En mayo del año pasado un vehículo en el que viajaban cuatro jóvenes impactó contra el guardarail del camino de los Remeros de la localidad de Tigre, para luego arrancar de cuajo las protecciones de la banquina y terminar destrozado junto a los canteros de una rotonda. En el móvil viajaban cuatro excompañeros del colegio Santa Teresa. Como consecuencia del choque, fallecieron dos de ellos --ambos de dieciocho años--, en tanto que otro de la misma edad y el conductor --de diecinueve-- lograron salir con vida. El test de alcoholemia reveló que este último manejaba ebrio y sin permiso de conducir. Se sospecha que regresaban de una fiesta clandestina. Este accidente ocurrido en Tigre revistió características similares al que había ocurrido poco más de un mes en la localidad de Lanús, cuando un auto conducido por un joven excedido de alcohol perdió el control y, como resultado del impacto contra la columna de un local, murieron dos hermanas de 22 y 24 años que viajaban en el asiento trasero. Las cámaras dejaron ver el vaso de whisky compartido de mano en mano por los ocupantes instantes antes del choque. El conductor de 26 años de edad --que manejaba ebrio y también sin licencia-- salvó su vida, al igual que su copiloto de 28.

Estos casos forman parte de la larga lista de siniestros con saldo luctuoso protagonizados por varones excedidos en alcohol. Por lo pronto, va de suyo la responsabilidad de los mayores en los choques en que los conductores carecían de las licencias correspondientes, para no hablar de la abrumadora publicidad que estimula el consumo de alcohol, como condición indispensable de todo encuentro social.

Pero hay algo más, desde nuestra perspectiva, en estos casos de automóviles con hombres al volante, el rasgo que estas tragedias revelan es el de no poder parar. Un punto que por sobre toda otra arista o característica testimonia el dato que ninguna máquina, motor o vehículo puede evitar: la impotencia. (La intoxicación por ingesta de líquido de frenos para potenciar el efecto del alcohol en tres adolescentes de la ciudad de Rosario tiempo atrás, constituye una metáfora que habla por sí sola de la carencia de recursos simbólicos para detener un empuje tan insensato como letal).

Es que cuando el goce fálico excluye la consideración por el semejante lo único asegurado es el mandato superyoico de la frustración. Lacan lo ilustraba --precisamente-- con la loca e inútil carrera que Aquiles emprende tras la siempre inalcanzable tortuga[1]. En efecto, para decirlo claro y sencillo: si para encarar a una mujer (o a quien desee); un varón necesita beber hasta perder casi la noción de lo que está haciendo, hay algo del cuidado de sí cuyo abandono revela la ausencia de todo límite.

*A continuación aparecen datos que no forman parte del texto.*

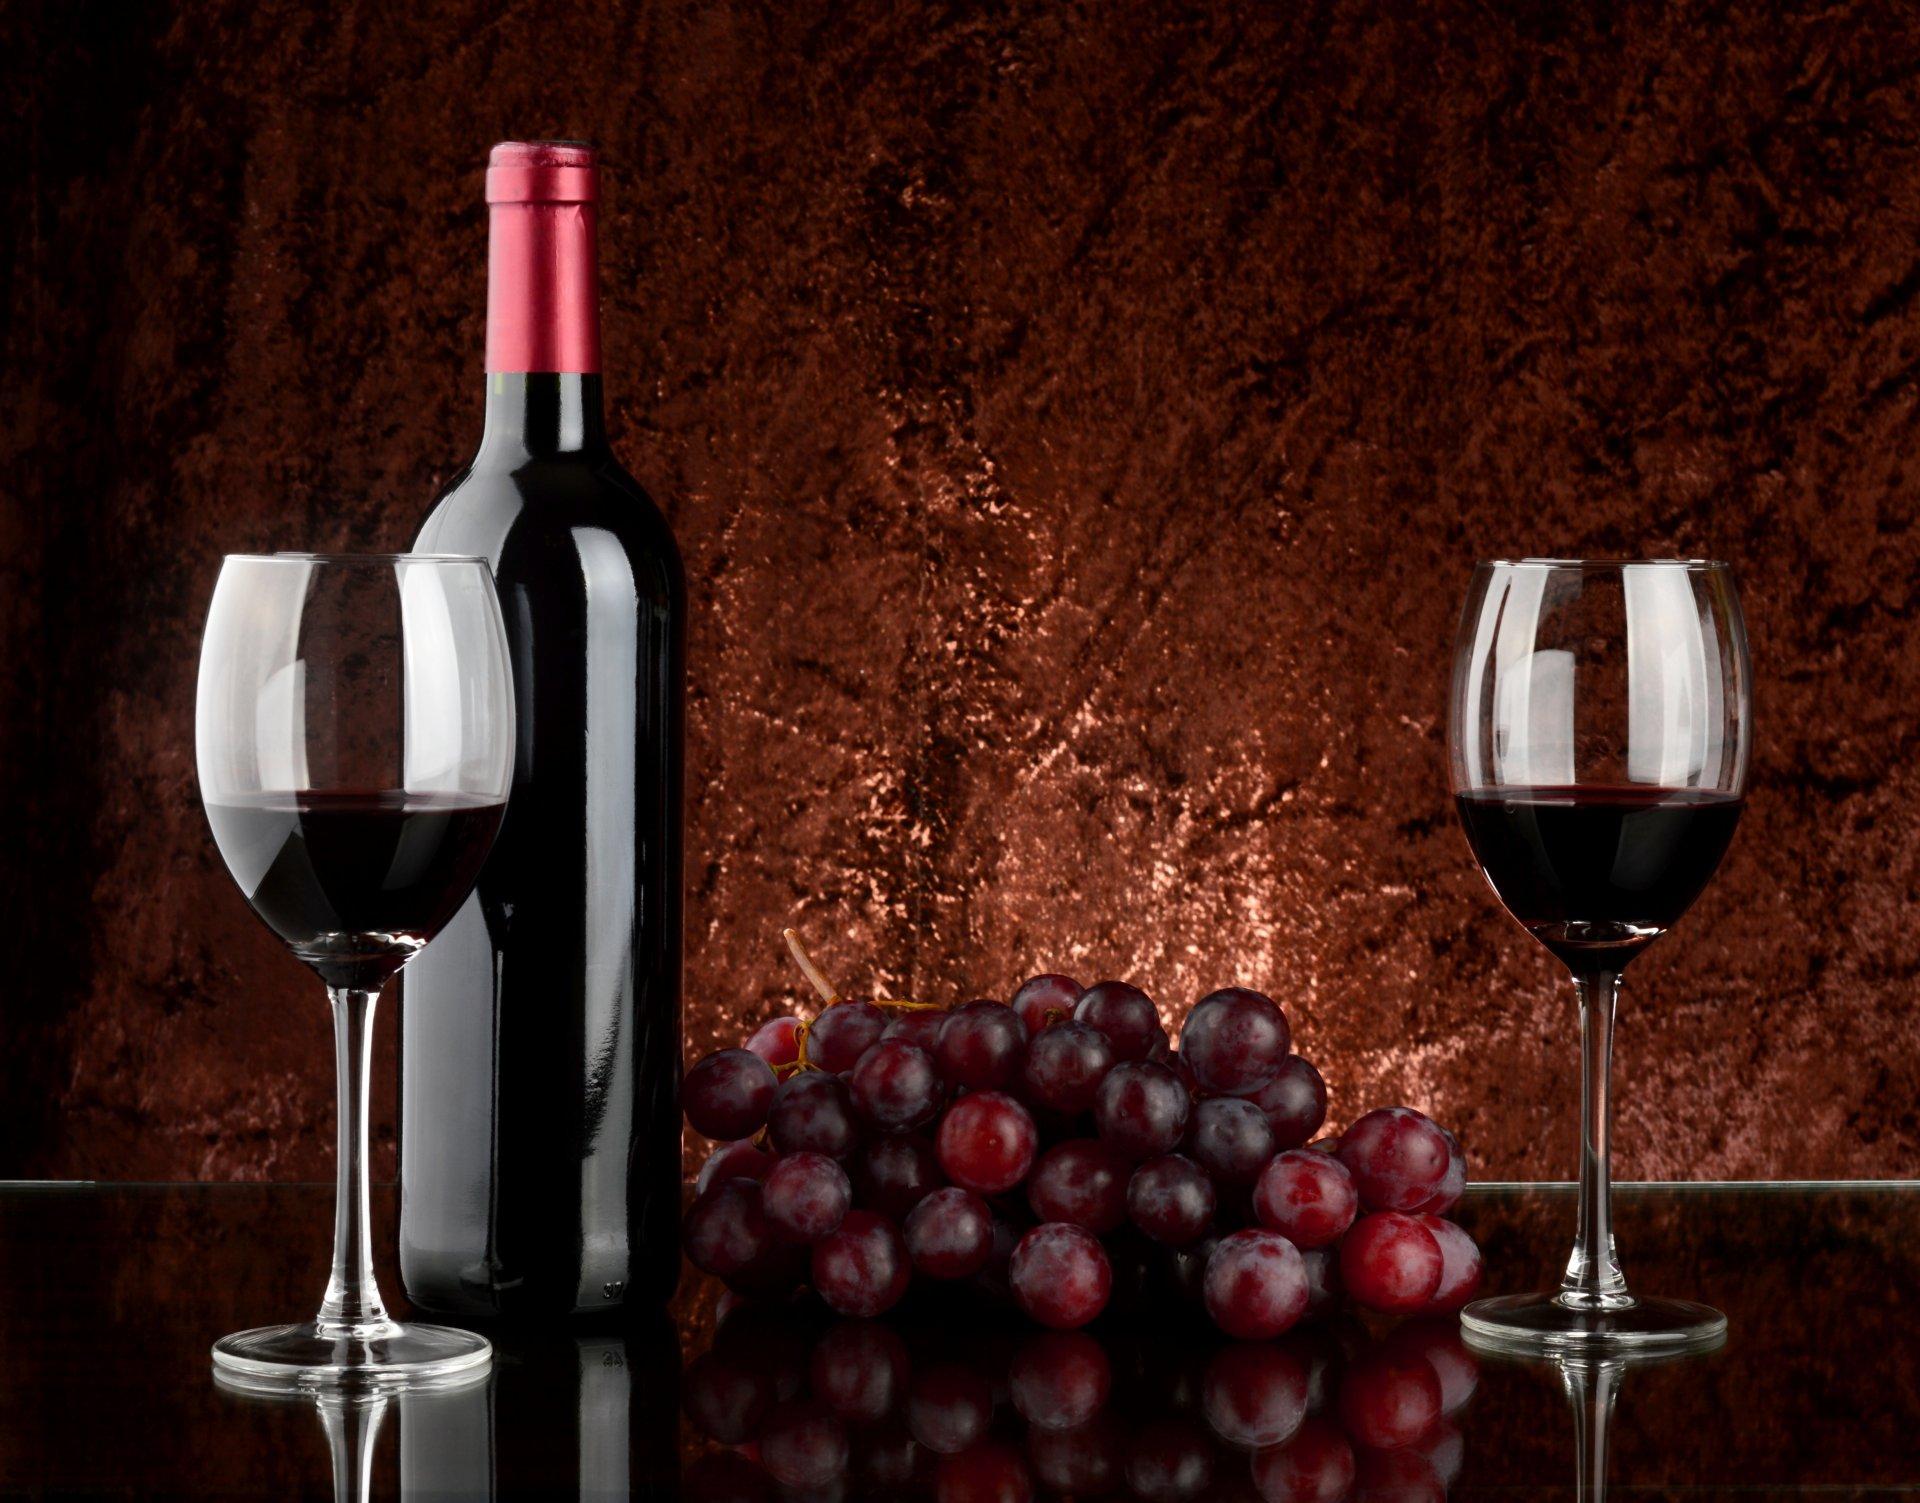 Открытка вино и бокалы, шары

Vivimos supuestamente en una época signada por cierta libertad sexual, es más, impera una suerte de obligación por efectuar rendimientos exitosos, y si a esto se agrega algún componente orgiástico, tanto mejor. Lo cierto es que como todo resultado lo que se obtiene es una inhibición generalizada que explica el uso de sustancias para estimular lo que el deseo no alcanza a poner en acto, vaya como ejemplo el uso de Viagra en jóvenes que no superan los treinta años de edad, testimonio del temor al fracaso, si los hay.

El auto --valga la redundancia-- constituye el objeto privilegiado del In-dividuo que se cree tan igual a sí mismo como dueño y señor del entorno que lo rodea. Lo cierto es que estas tragedias, la del BMW; la del Focus; la de Tigre, como también la de Lanús, atestiguan el más absoluto desprecio por la vida del semejante. Esto es: por más “locos” o “sacados” que nos pongamos, el plural que en estos siniestros emerge no traduce otra cosa que la exigencia de satisfacción del Yo. Un ansia que al momento de empuñar el volante y apretar el acelerador parece no dejar espacio para la consideración, el respeto y el amor --para decirlo de una vez-- sin el cual las personas devenimos objetos de una carrera que, según parece, nunca atinamos a parar.

Sergio Zabalza es psicoanalista. Doctor en Psicología de la Universidad de Buenos Aires.

[1] Jacques Lacan ( 1972-1973) , El Seminario: Libro 20, “ Aún”, Buenos Aires, Paidós, 1981, p. 15.